There is a huge diversity of microbial taxa, the majority of which have yet to be fully characterized or described. Plant, animal and fungal taxa are formally named and described in numerous vehicles. For prokaryotes, by constrast, all new validly described taxa appear in just one repository: the International Journal of Systematics and Evolutionary Microbiology (IJSEM). This is the official journal of record for bacterial names of the International Committee on Systematics of Prokaryotes (ICSP) of the International Union of Microbiological Societies (IUMS). It also covers the systematics of yeasts.

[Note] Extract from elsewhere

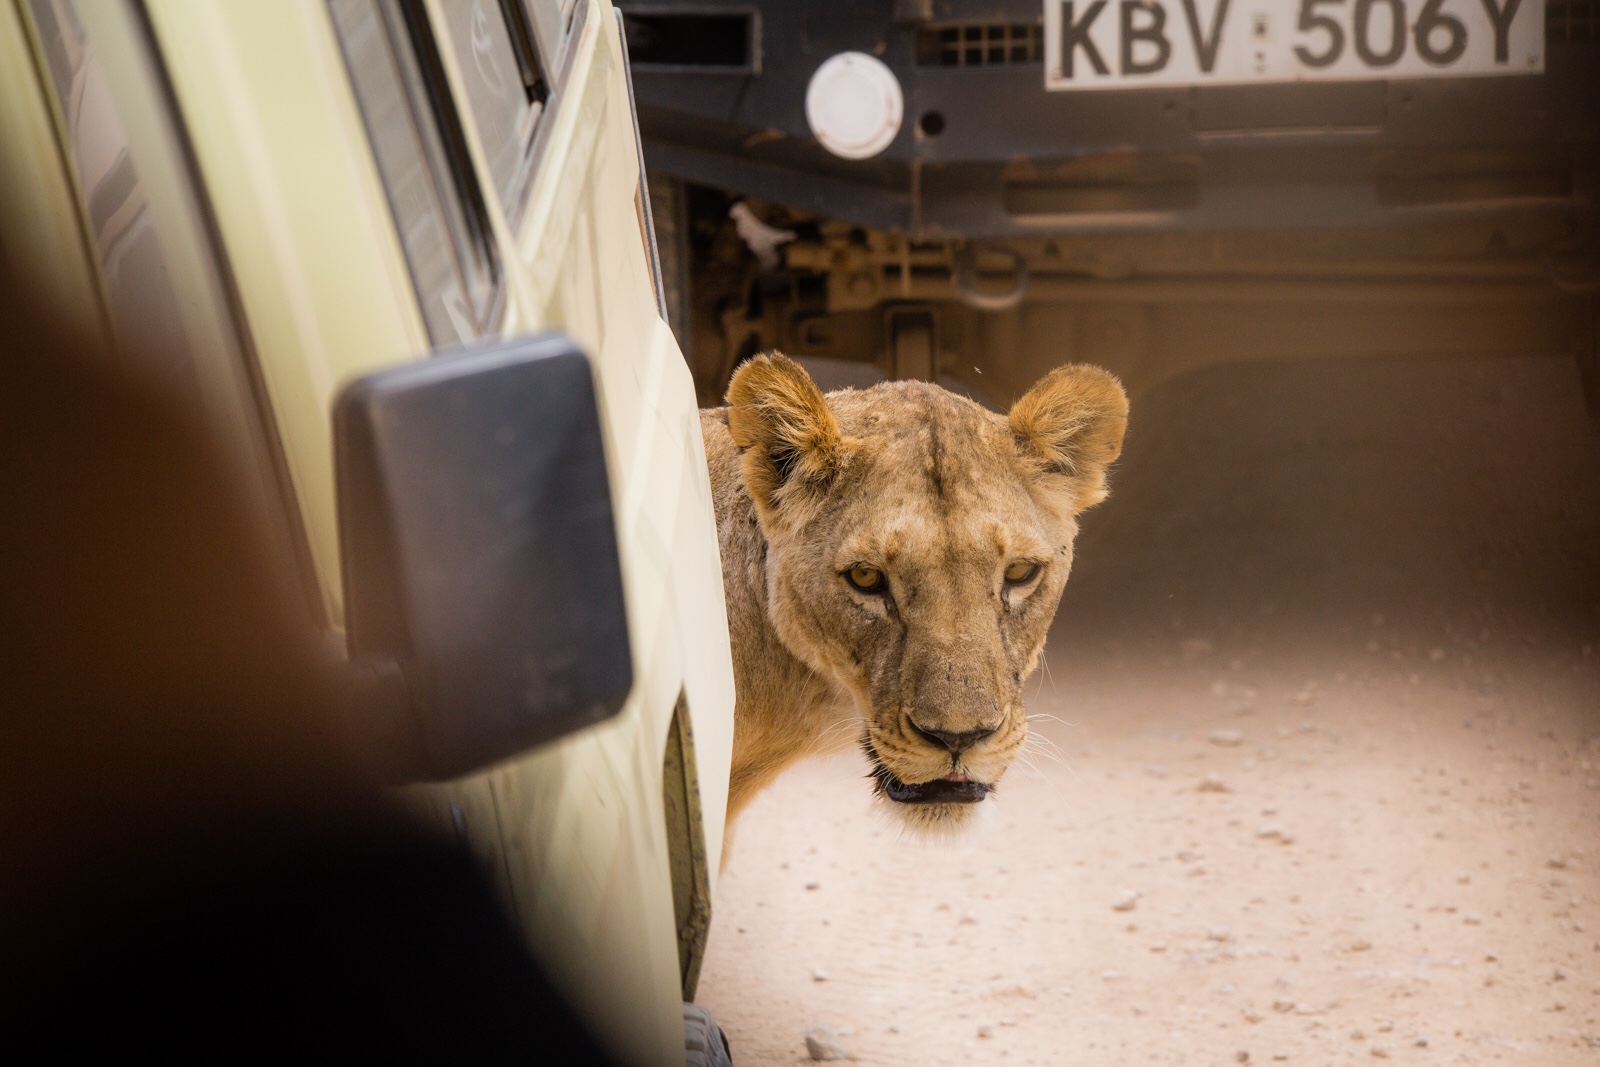 A female lion crossing the road in Amboseli, literally peeking out between all the parked vans.

This makes IJSEM an excellent candidate against which to test systems for the automated and semi-automated synthesis of published phylogenies.
In this paper we apply computer vision techniques to automatically convert phylogenetic tree figure images from IJSEM back into re-usable, computable, phylogenetic data in the form of Newick strings and NEXML. Furthermore, we go on to use the extracted phylogenetic data to compute a formal phylogenetic MRP supertree synthesis, and we compare this to previous hypotheses of taxon relationships given by NCBI’s standard taxonomy tree. This is the world’s first attempt at automated supertree construction using data exclusively extracted by machines from published figure images. Additionally we reflect on how recent changes to UK copyright law have enabled this project to go ahead without requiring permission from copyright holders, and the related challenges and limitations of doing research on copyright-restricted material.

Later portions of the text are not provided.